Wales

Man jailed for kidnapping Swansea students at knifepoint

Jack Crocker Image copyright South Wales Police
Image caption Jack Crocker told police he does not know what he is doing when he drinks gin

A drunk man who told two students he would post pieces of them to their parents as he kidnapped them at knifepoint has been jailed.

Jack Crocker, 22, broke into the victims' shared house in Port Tennant, Swansea, in the early hours of 18 November.

He forced them into his car and drove them around for two hours.

Crocker admitted aggravated burglary and two counts of kidnapping and was jailed for eight years.

He also pleaded guilty at Swansea Crown Court to possession of a bladed article, aggravated vehicle taking and driving while disqualified and was banned from driving for eight years and four months.

The court heard the first victim heard a noise and assumed it was a housemate returning home, but it was Crocker who punched him in the face a number of times.

When another housemate entered the kitchen Crocker produced a knife and issued a series of threats, saying he "owned the street".

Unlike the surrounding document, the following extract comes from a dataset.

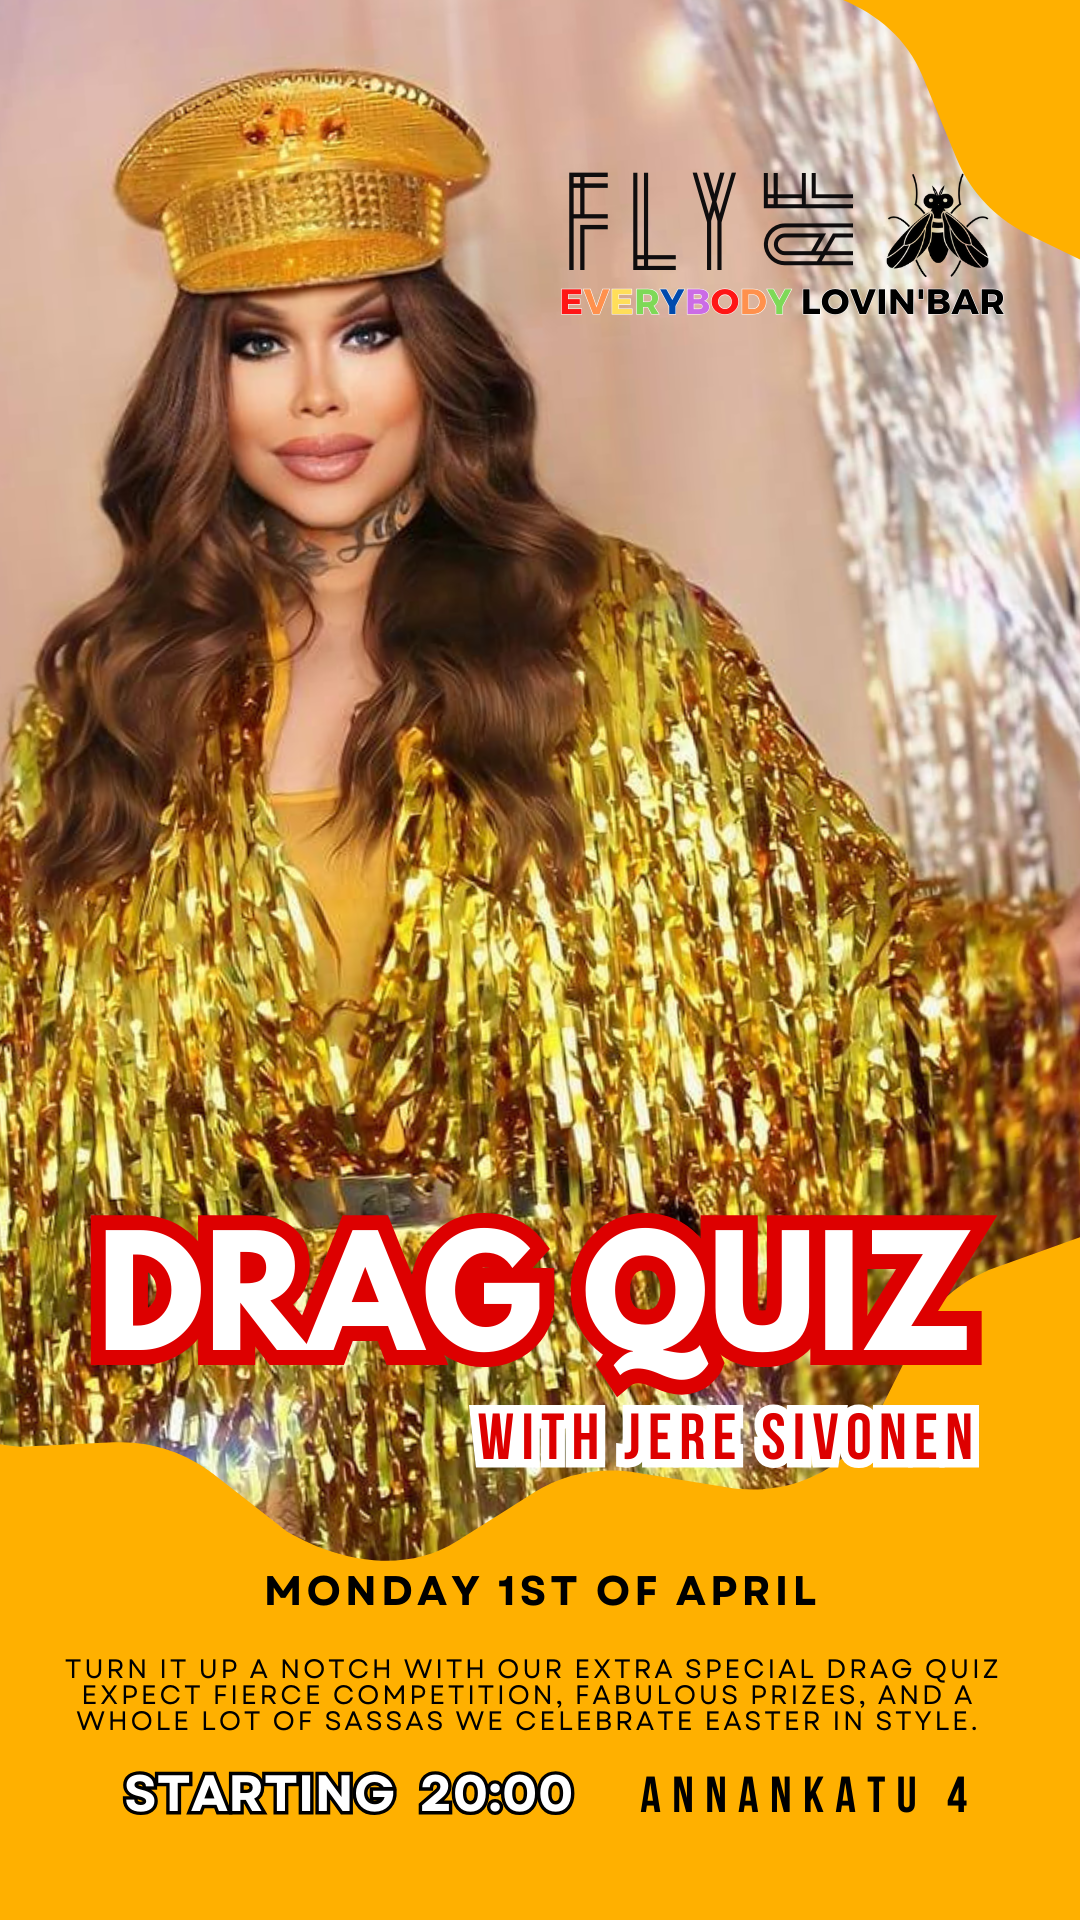 And just when you thought the party was winding down, we're turning it up a notch with our Extra Special Drag Quiz hosted by the one and only Jere Sivonen! Expect fierce competition, fabulous prizes, and a whole lot of sass as we celebrate Easter in style. It's going to be legendary!

He demanded a victim's car keys and forced them inside, before driving around Port Tennant at speed saying he had a gun and threatening to find and firebomb their parents' homes.

'Shall we go and kill him?'

His erratic driving caused the car to get stuck and as he struggled to turn it around, he constantly sounded the horn which drew the attention of a passer-by who went to help.

Crocker, who has a two-year-old daughter, told his passengers to stay quiet before telling the pedestrian he was OK.

He then said: "To show this is real, shall we go and kill him?"

But after Crocker collided with a parked car, he ordered the students to leave.

The three started to walk back towards the victims' house, before they escaped down an alleyway and flagged down a passing car.

Crocker told police: "When I drink gin I don't know what I'm doing."

The students have felt unable to return to their address and are continuing their studies while living with their parents, the court heard.

Andrew Evans, defending Crocker, said it was clear he was "immature in the extreme".